**Exercise details:** Pictures excluded, retype the lines from the one containing "Tyler Schrenk Foundation" through the last line of the data below, both included.
--- Material provided ---
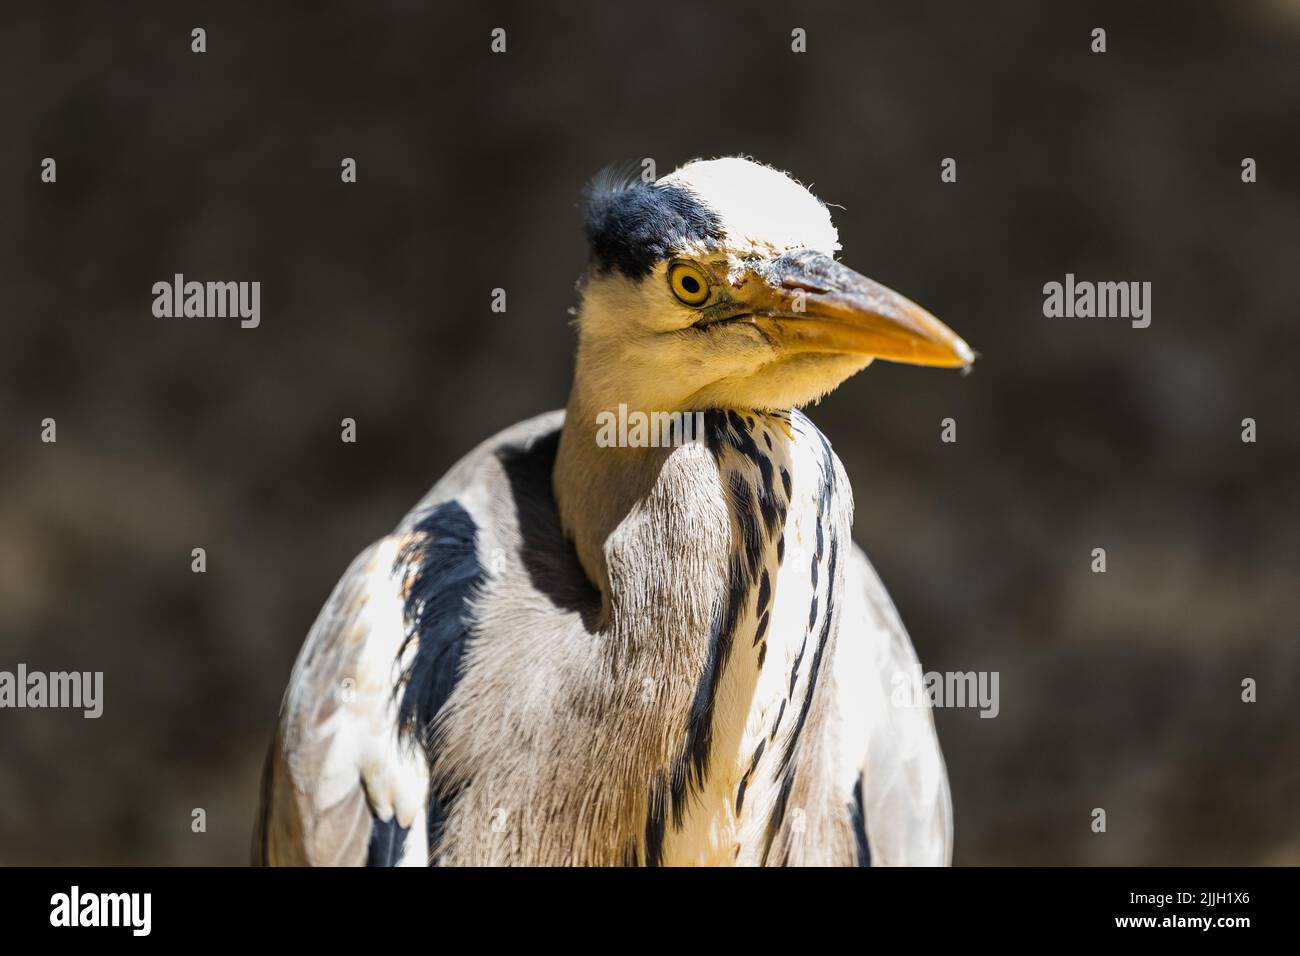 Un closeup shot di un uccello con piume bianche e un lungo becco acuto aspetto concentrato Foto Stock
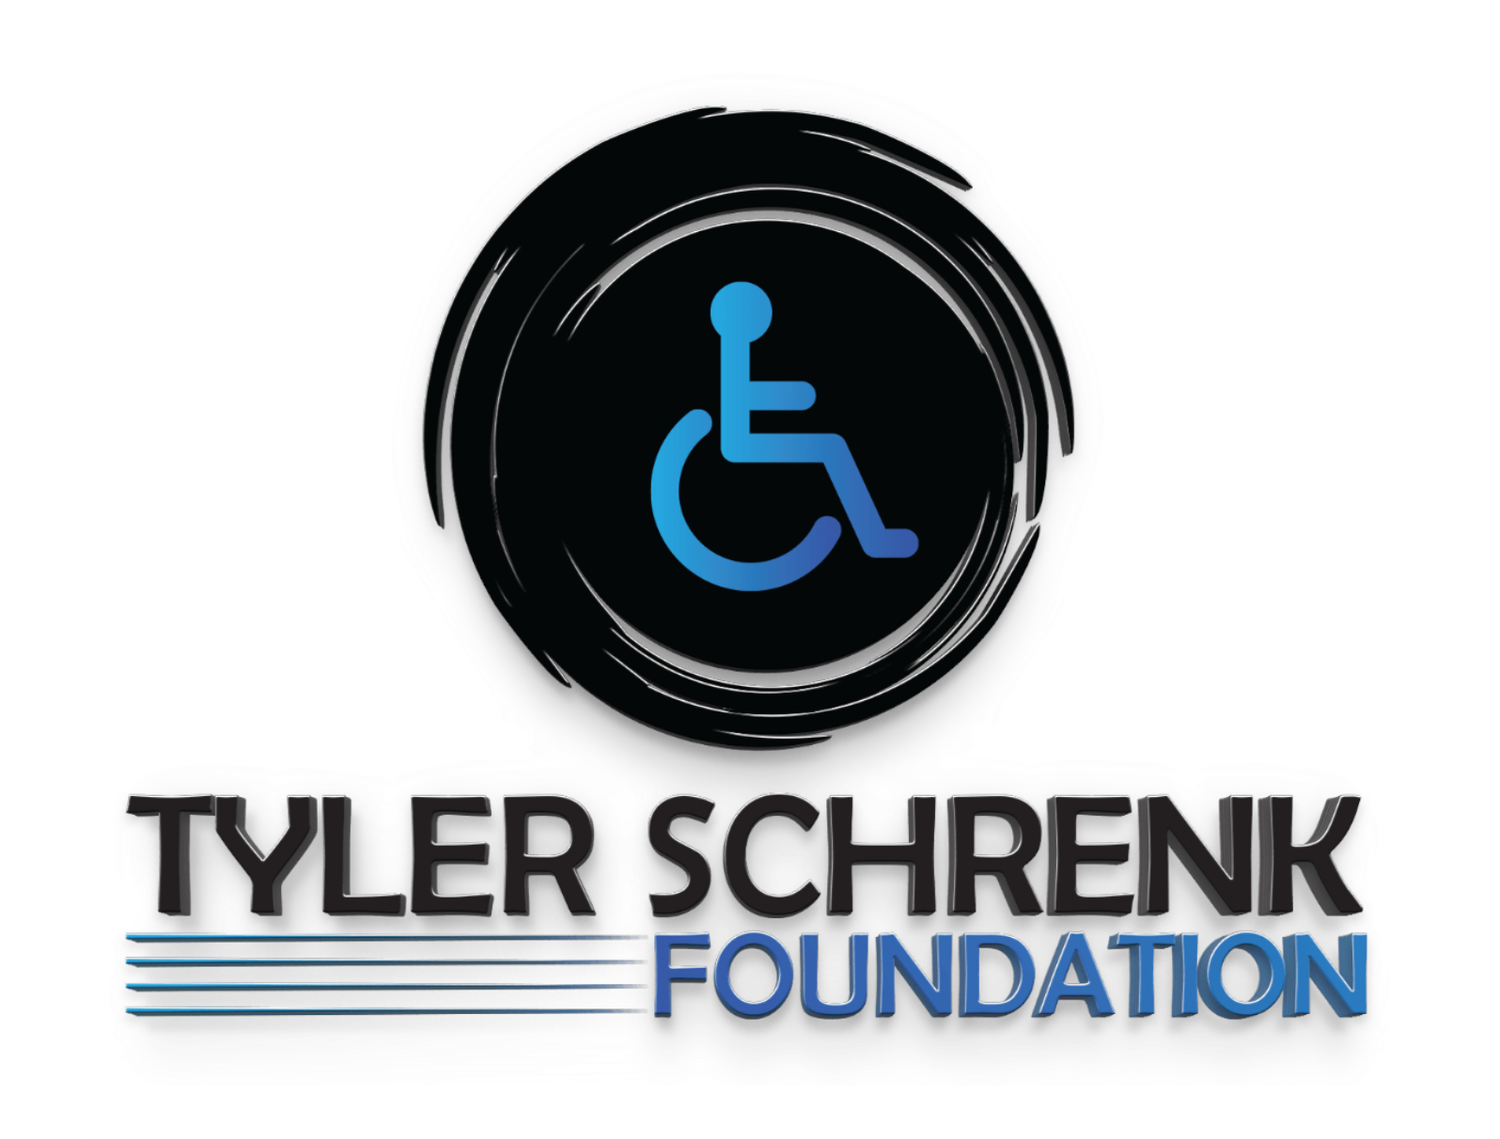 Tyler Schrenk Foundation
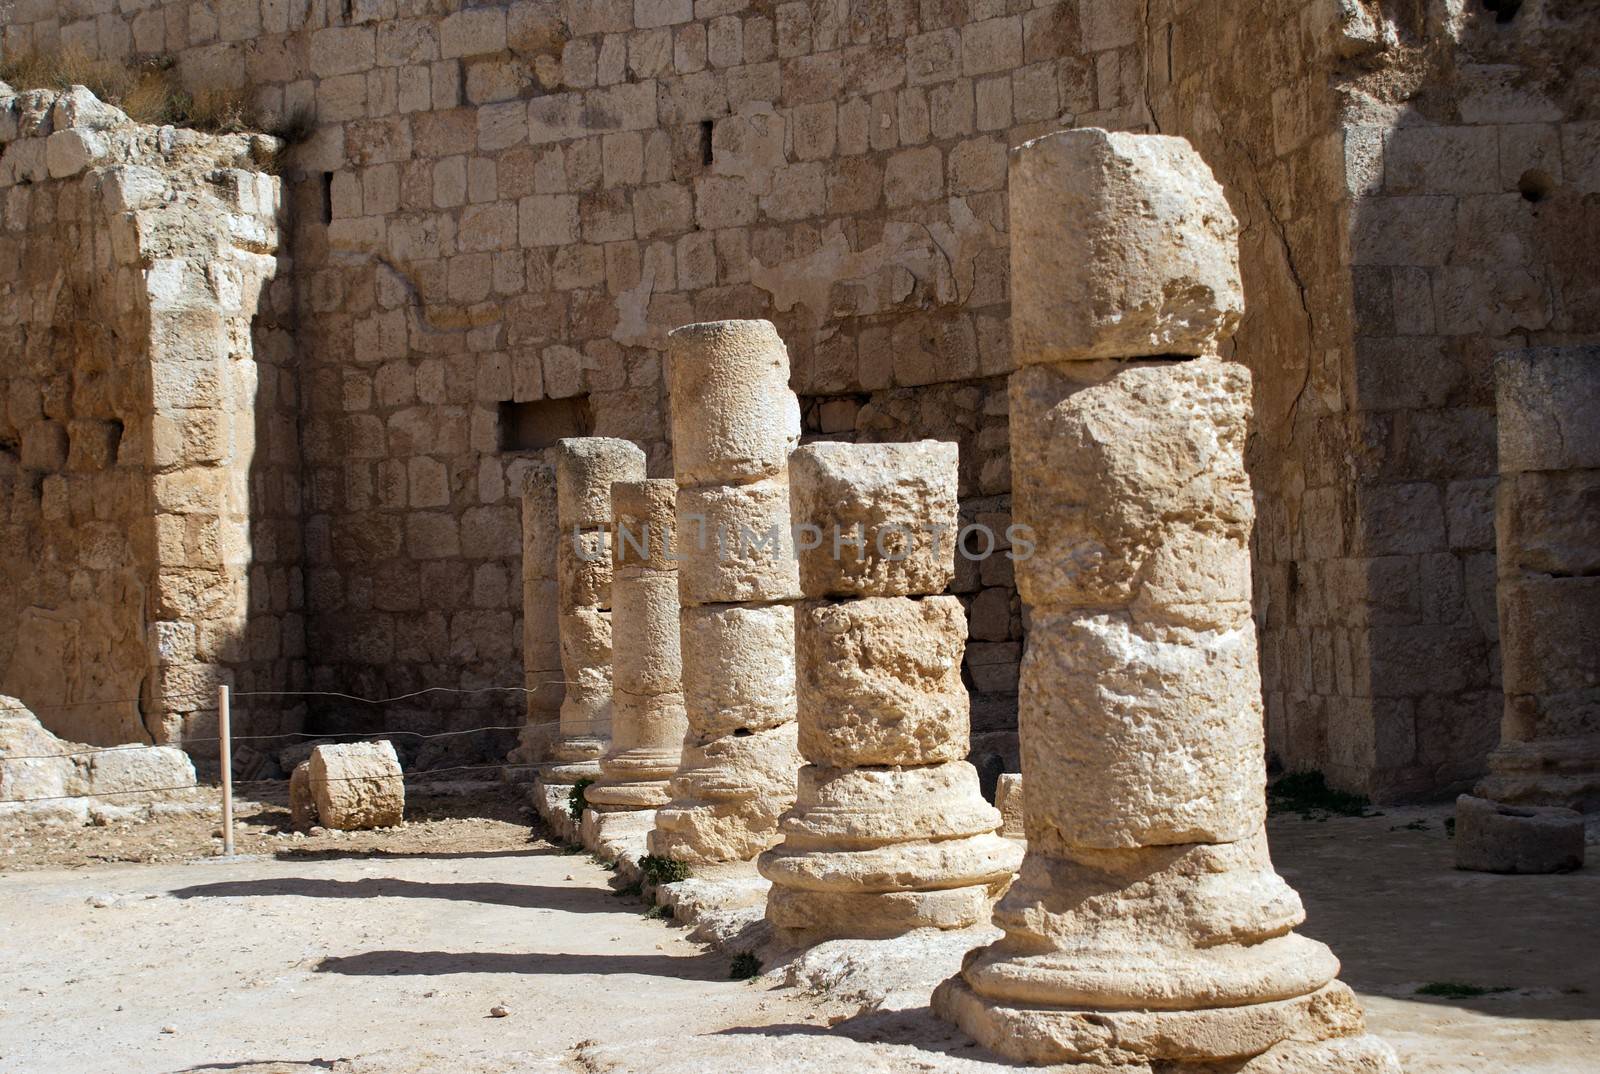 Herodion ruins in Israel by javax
---
**Task answer:**
 Tyler Schrenk Foundation
 Herodion ruins in Israel by javax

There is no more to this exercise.